Friday 12 February 2016

Now Comes Another ‘Big Short’—-Subprime Auto Loans | David Stockman's Contra Corner

Now Comes Another ‘Big Short’—-Subprime Auto Loans | David Stockman's Contra Corner





Money managers have looked at betting that subprime auto securities will tank for many of the same reasons that investors wagered against risky mortgage bonds in the run-up to the financial crisis: Loan volume has mushroomed in the last few years, lending terms have become looser and delinquencies are ticking higher. Mary Kane, an asset-backed securities analyst at Citigroup Inc., wrote in a note late last month that the bank has received “an explosion of calls” in recent weeks, after the movie “The Big Short” portrayed a group of traders that profited from the collapse of subprime home loans.

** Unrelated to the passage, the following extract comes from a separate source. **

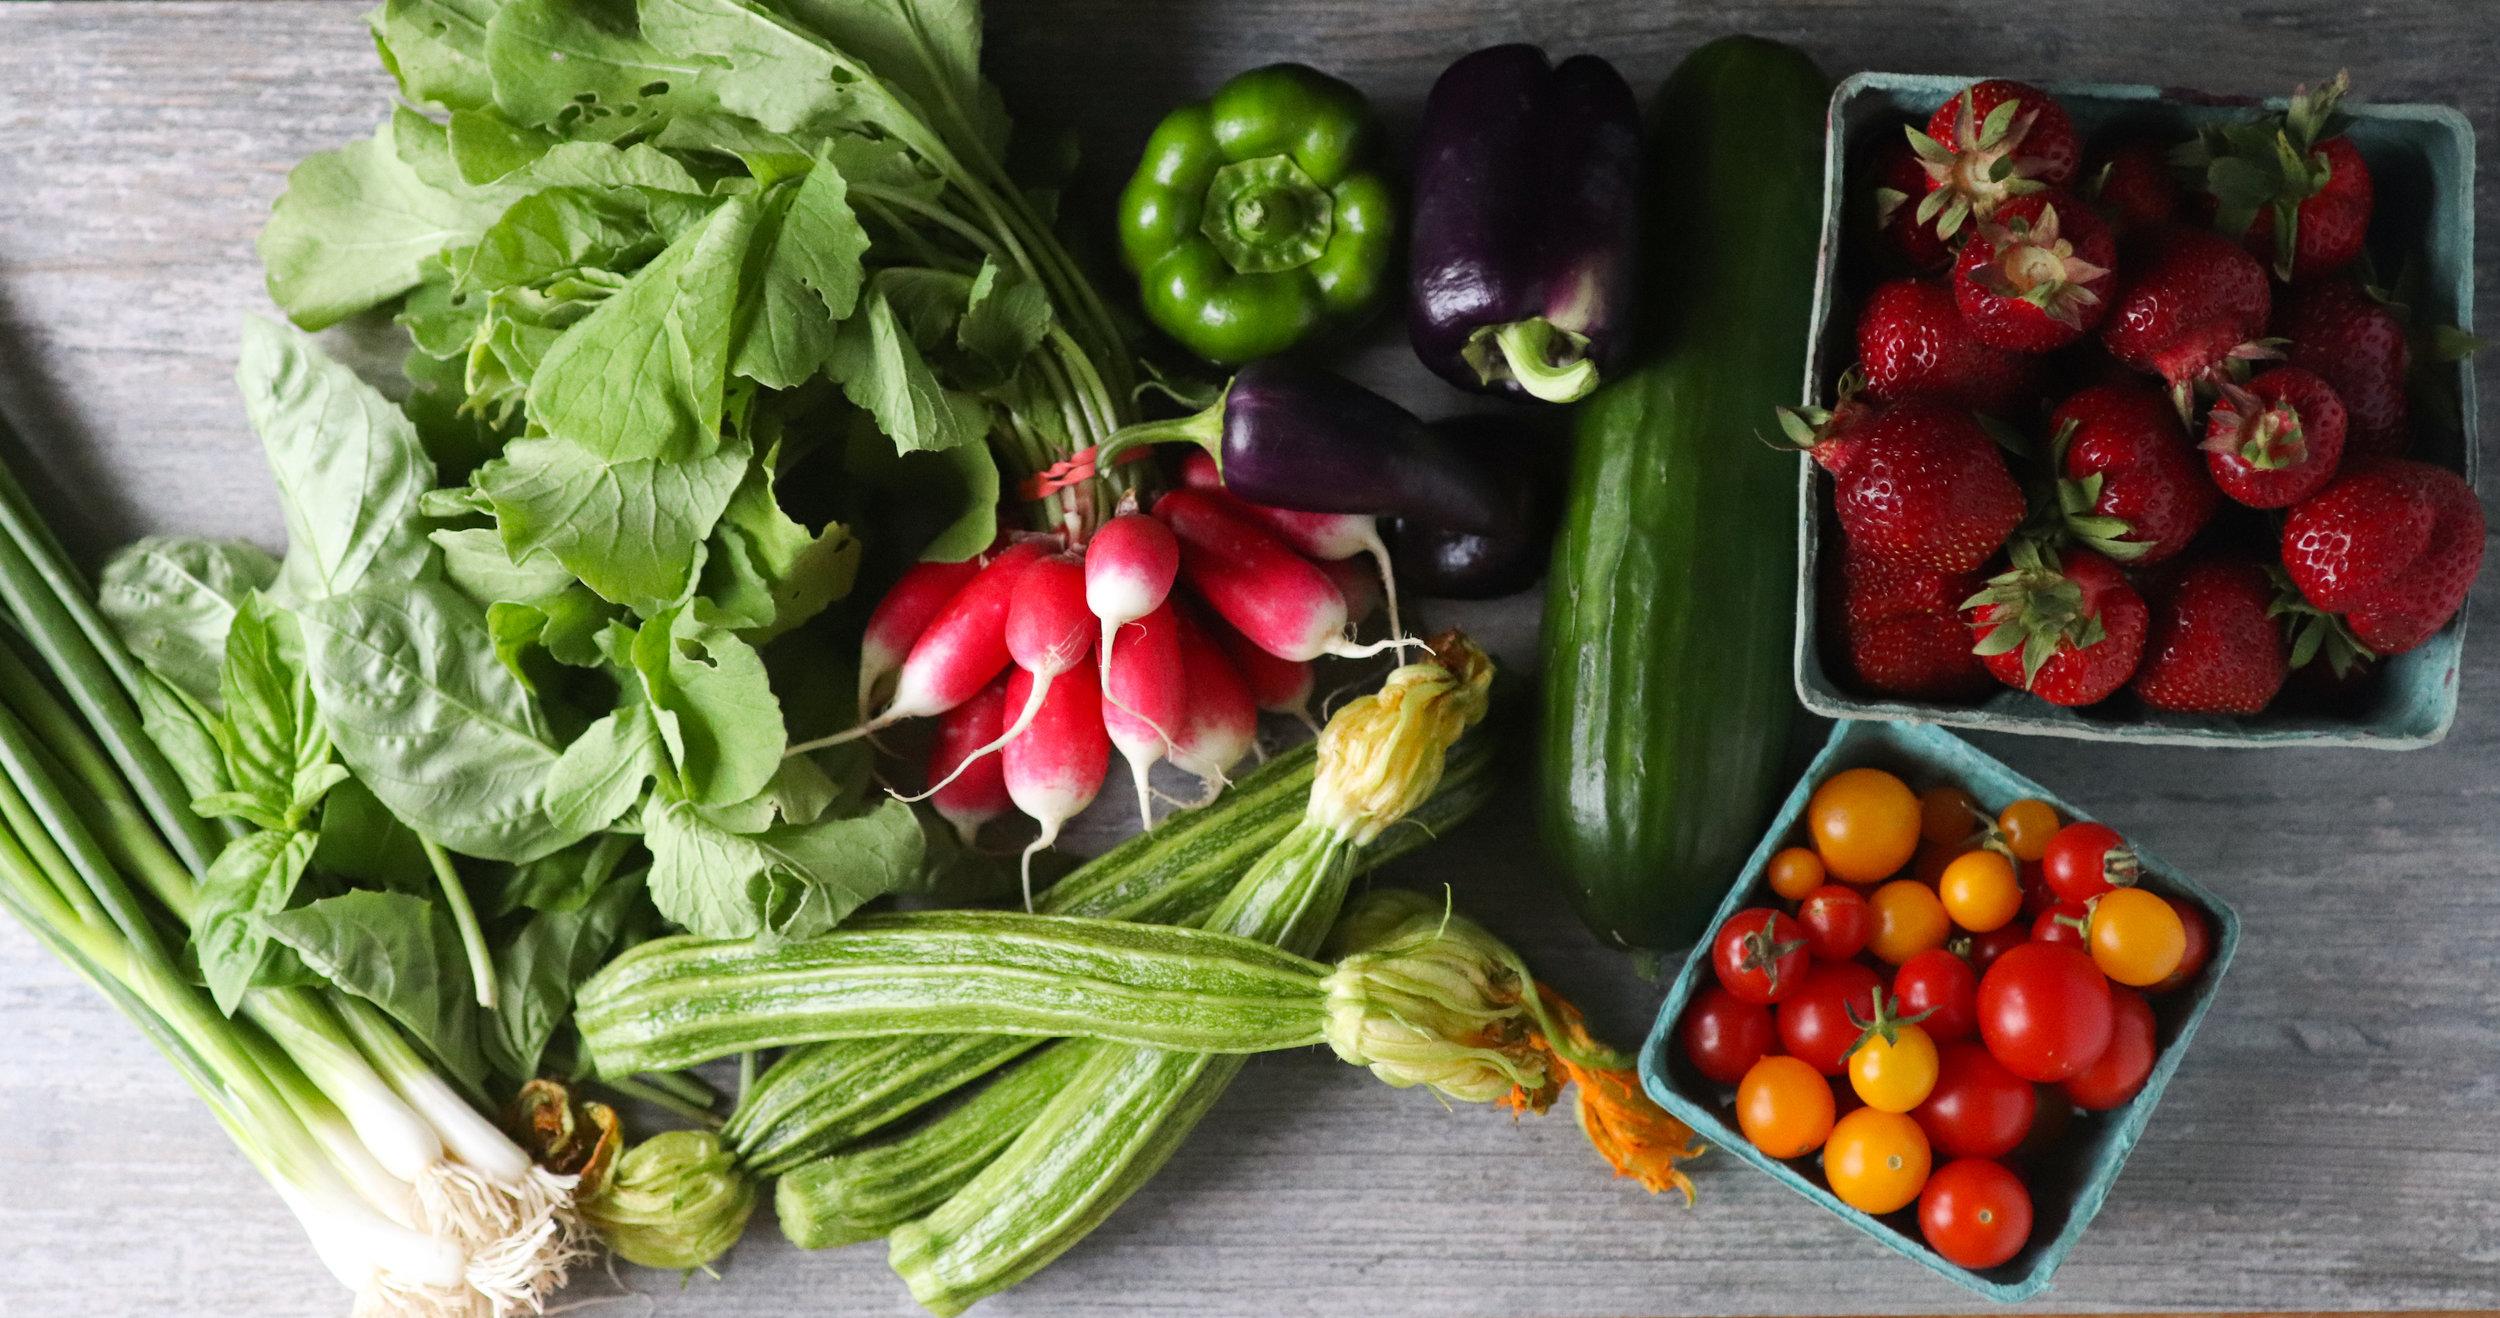 market haul, early summer, summer quinoa salad, tomatoes, vegan, gluten free, fresh, produce, summer

The demand now is coming from hedge funds that trade everything from stocks to bonds, analysts said. But many banks, including Bank of America Corp. and Morgan Stanley, are not interested in making the bet happen for clients, according to representatives of the firms. Some said they fear that helping clients wager against car loans would be bad for their reputation, and that new capital rules and other post-crisis regulations would make the transactions difficult or even impossible to put together.

“Most trading desks just don’t take that kind of risk now,” said Mike Edman, a former Morgan Stanley executive who helped invent credit derivatives that helped Wall Street banks bet against subprime mortgage bonds.